Yesterday, Bristol-Myers Squibb Company (BMY - Analyst Report) announced the acceptance of a biologic license application (BLA) for belatacept by the U.S. Food and Drug Administration (FDA). The candidate is in late-stage development for treating kidney transplant patients. The agency has set May 1, 2010, as the Prescription Drug User Fee Act (PDUFA) action date.

The biological product is being developed internally and is a fusion protein with novel immunosuppressive activity targeted to prevent solid organ transplant rejection. The company owns a patent covering belatacept as a composition of matter which expires in the U.S. in 2021.
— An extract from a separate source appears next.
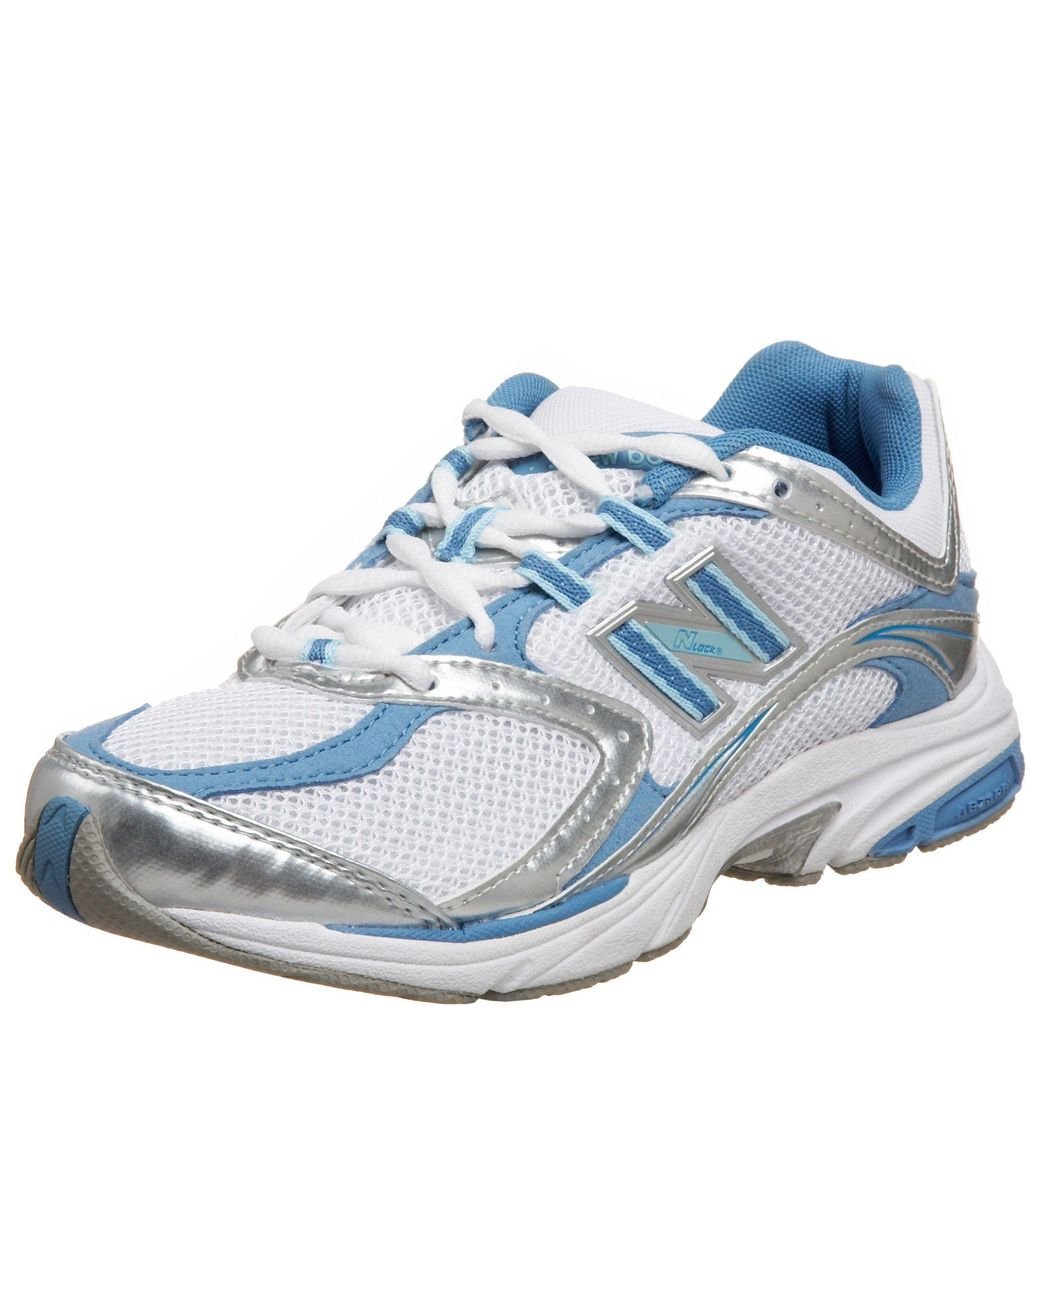 New Balance 760 V1 Walking Shoe in Blue | Lyst

We believe that the candidate can prove to be a suitable alternative for transplant patients in this market with huge unmet medical needs. The market encompasses therapies that must be taken lifelong, ensuring a steady stream of revenue throughout a drug’s life cycle. Another attractive feature is that it can serve as a gateway to other, potentially more lucrative markets.

Bristol-Myers possesses a strong product portfolio with an attractive mid-to-late-stage pipeline. However, patent expirations loom large on Bristol starting 2011 when the Plavix patent expires. In order to compensate for the loss in revenues when Plavix loses exclusivity, Bristol-Myers is working on bringing new products to market.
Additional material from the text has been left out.